The topic was creating and managing fanart using photo references.

Some Topics Discussed

From the Essay

I'm reasonably certain everyone out there has a selection of photos, clipped from magazines and newspapers, of poses, faces, animals etc. These range from a stack to series of labeled file folders and are most commonly referred to as Reference Files or Photo Morgues. I have an extensive one myself with file folders for plants, people, flowers, architecture, scenery and many, many others. It's a useful thing. When I can't think of what I want to do, sometimes I flip through and always I get a couple of ideas; or when looking for a particular pose I know just where I can go to look for one, or if I want to stick in a background I can just pick one out. Along with these clipping files, I also have an extensive book collection with massive numbers of books on the natural world. If I want to draw a Sable Antelope I have plenty of references on hand. Saves time from having to go to the library or zoo when I'm in a rush — and I usually am.

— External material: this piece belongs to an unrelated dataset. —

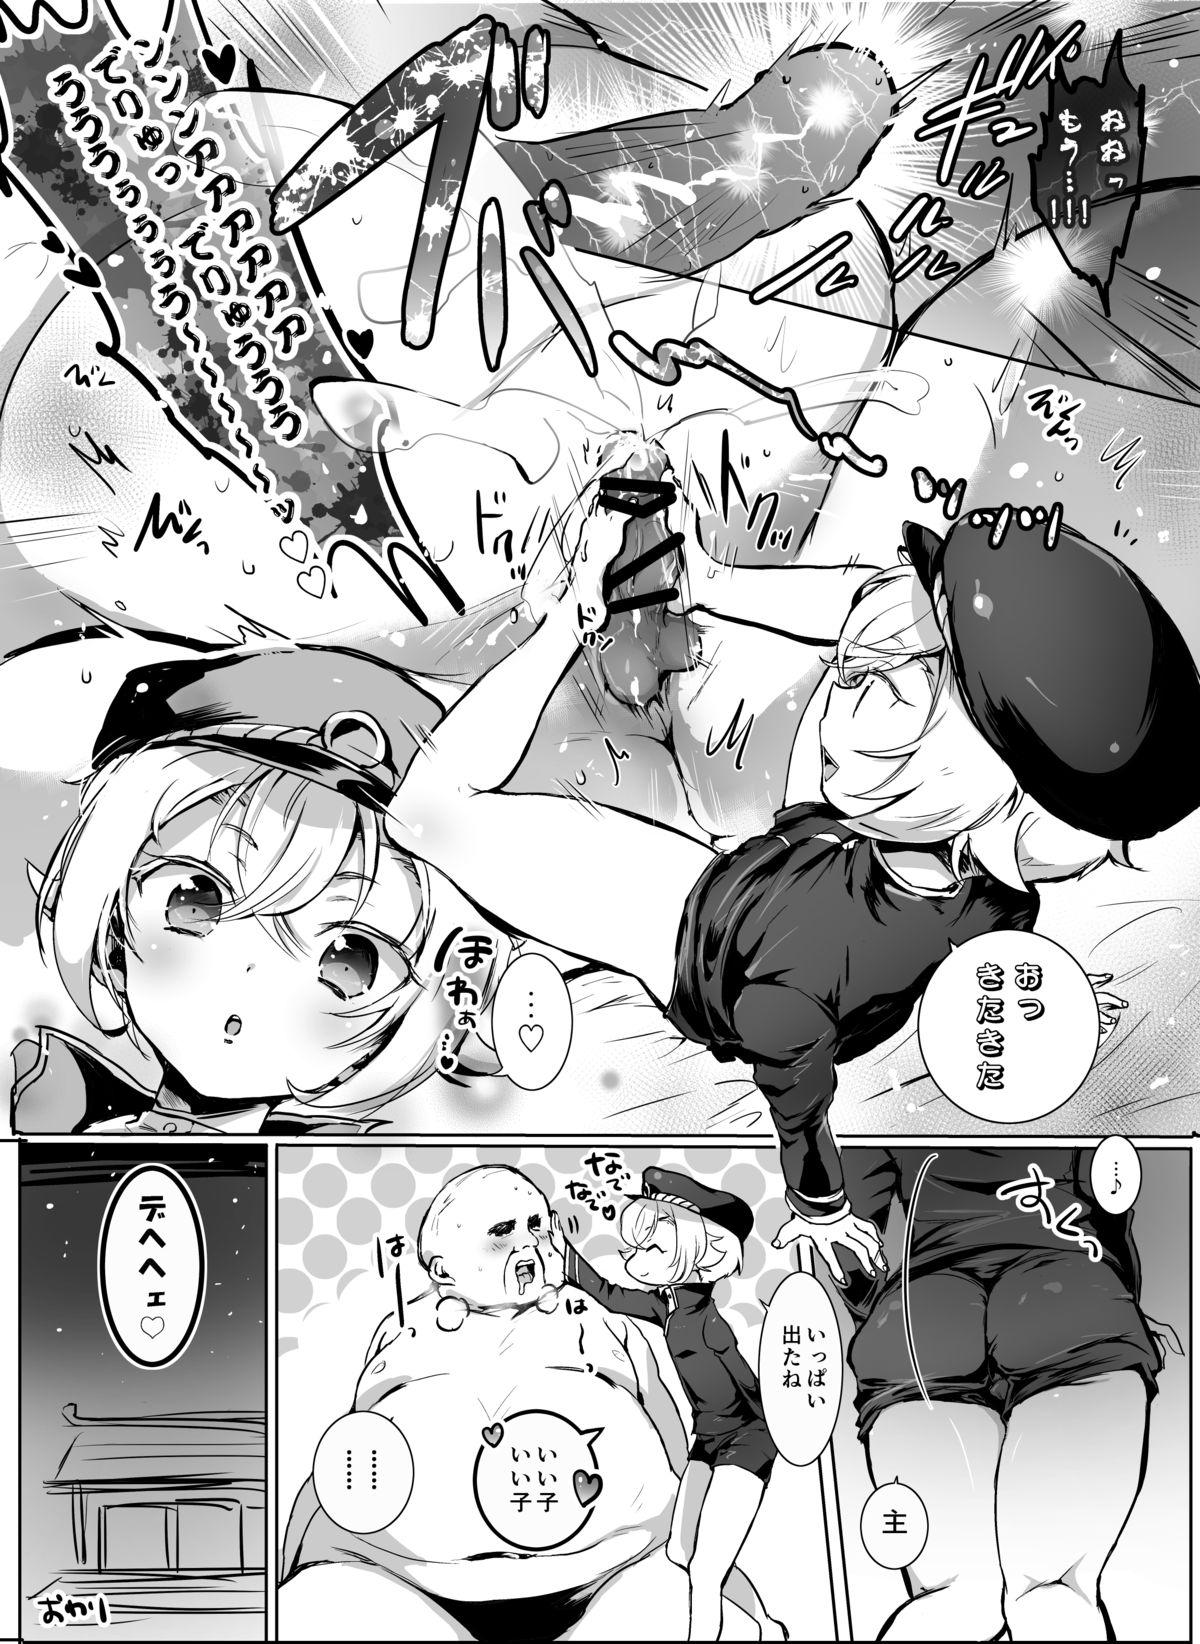 Asses Hotarumaru ga Mob Oji-Saniwa o Babubabu Sasete Ageru Manga - Touken ranbu Hot Naked Girl - Page 5

Photo files have been around ever since the camera came into being and have been a boon to the artist. It's easy to start one, just keep a file folder to toss in all those clipped out photos. Use magazines of all types, ads from fashion magazines often have wonderful poses. Wildlife magazines are good for animals, pet magazines for those ever-popular winged cat paintings. Ask friends to save you their old magazines that they would normally throw out, steal pages from the magazines in the doctor's office (this is a joke, of course, though I will admit to having done it). I keep my clippings sorted to save time, necessary once you start getting too many to handle easily. Now that said, I do feel it's important to talk about the cons of photo files, namely plagiarism. Yes, photos in magazines are copyrighted and you can be sued for using them. A number of years ago, a wildlife photographer took a wildlife artist to court for having copied one of his photos. The duck in question was not even the main figure in the painting, but the photographer won his case and the artist had to pay damages. If you go around copying directly out of something like National Geographic you are breaking the law. If you copy directly off another artist's painting, you are breaking the law. There can be no doubt of that. I can't remember the number of times I've gone into art shows and seen figures and whole images taken right off another artist's work, whether the original source material was a genre artist or not. I also have an almost photographic memory when it comes to images and when going through an art show I can often pick out where the source photo has appeared. Taking a National Geographic photo of a leopard, copying it directly but sticking wings on it, is still plagiarism.

That said, there are still ways to use that photo morgue without breaking any laws. When I go to paint a hawk, for instance, I will pull out a number of reference pictures and change things around, using bits of each to create an original image. When I use a fashion photo, I change the clothes, move the pose a bit. I won't claim that I have never copied a photo directly, all of us have done this at one point or another, but I do try to stay away from that. Being inspired by a particular photo or image is not the same as copying it. There are photographers who sell photos for reference work, you can find their addresses in the back of wildlife magazines and art magazines. Most are quite reasonable.